Augustin Bubník


Augustin Bubník was a Czech ice hockey player for the Czechoslovak national team. He won a silver medal at the 1948 Winter Olympics. He also played in the 1947 and 1949 World Championships, of which Czechoslovakia won both. He later worked as an ice hockey coach and was elected as an MP to the lower chamber of the Czech Parliament from the Civic Democratic Party. He also worked as the ice hockey coach of the Finnish National Team from 1966 to 1969, and was later inducted into the Finnish Hockey Hall of Fame.
He was the father of the actor and dubber Gustav Bubník.

Biography

Early life

Augustin Bubník was born on the 21 November 1928 in Czechoslovakia, now the Czech Republic. He grew up in Prague and played hockey for the LTC Praha Sports club. In 1947, he became a member of the Czechoslovakia national hockey team. The team won silver at the 1948 Winter Olympics in Saint-Moritz, Switzerland. In 1949, the team became World Champions.

Life under Communism

After the Czechoslovak National Hockey Team won the World Championship in 1949, the following year they were forced to give up their spot in the championship. State Security arrested all of the hockey team members, including Bubník.
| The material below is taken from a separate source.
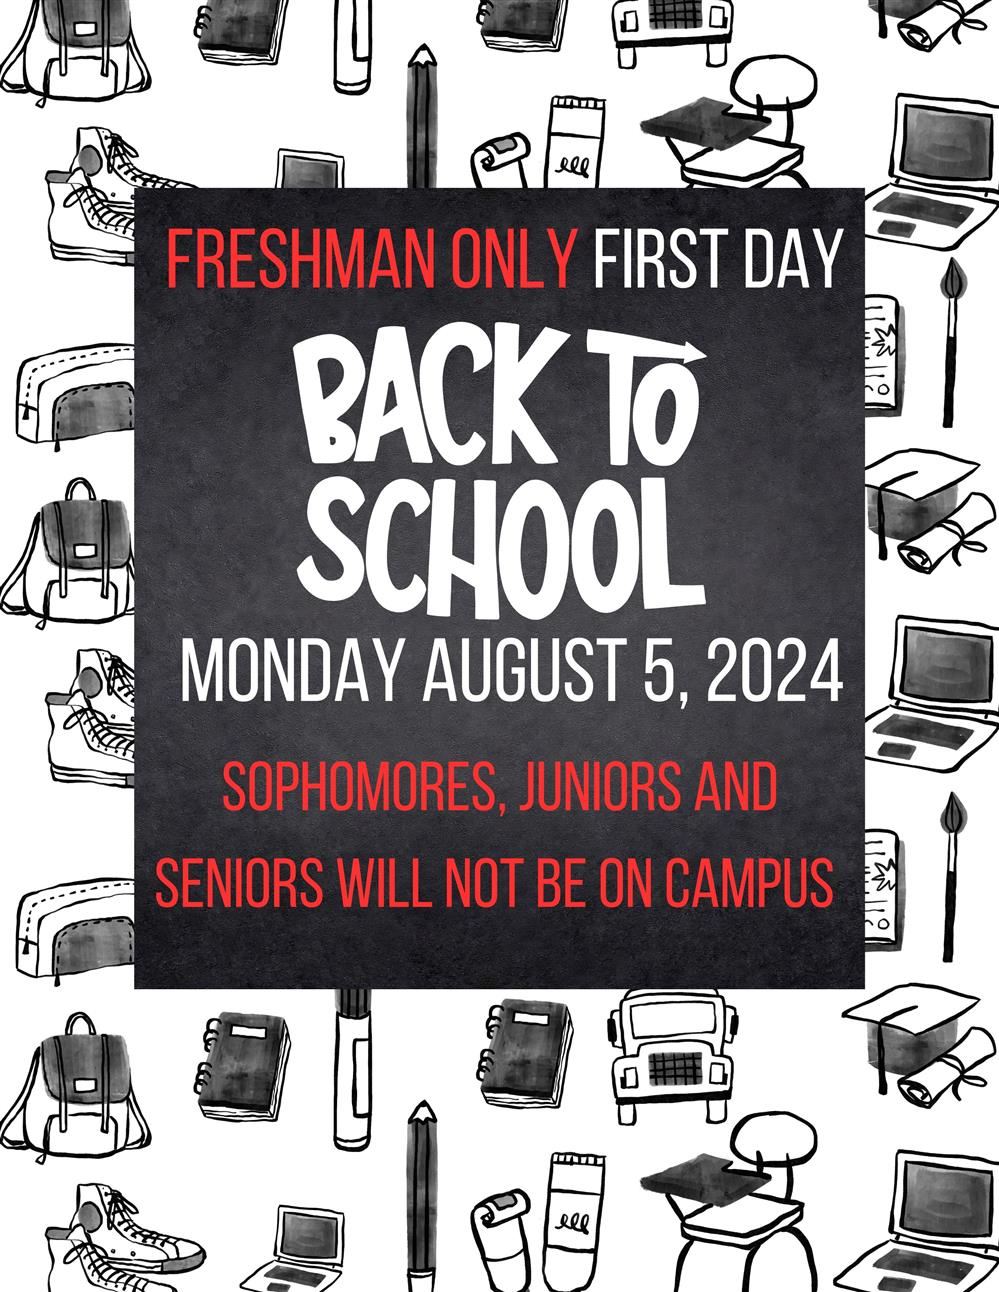  FRESHMAN ONLY FIRST DAY

A trial with fabricated charges was brought against the entire team in 1950. Bubník was convicted of "treason", "subversion of the state" and "espionage". He was then sentenced to fourteen years in prison. He served time in a variety of prisons and in the uranium mines in the Jáchymov district and in Bytíz. President Zápotocký granted him amnesty and he was released in January 1955. Afterwards, the Regime only allowed him to play in the minor hockey leagues, so he turned to coaching.
In the mid- to late-1960s, Bubník managed to move to Finland, where he coached the Finnish National Team. He also helped develop hockey in general in Finland as well. In 1968, Bubník was officially rehabilitated, and in 1989, he finally received full social recognition.

Death and Legacy

In 2004, Bubník was inducted into the Finnish Hockey Hall of Fame. In the early 2000s, he was interviewed by the non-profit Post Bellum for their Stories of the 20th Century Project. Bubník died on 18 April 2017, at the age of 88.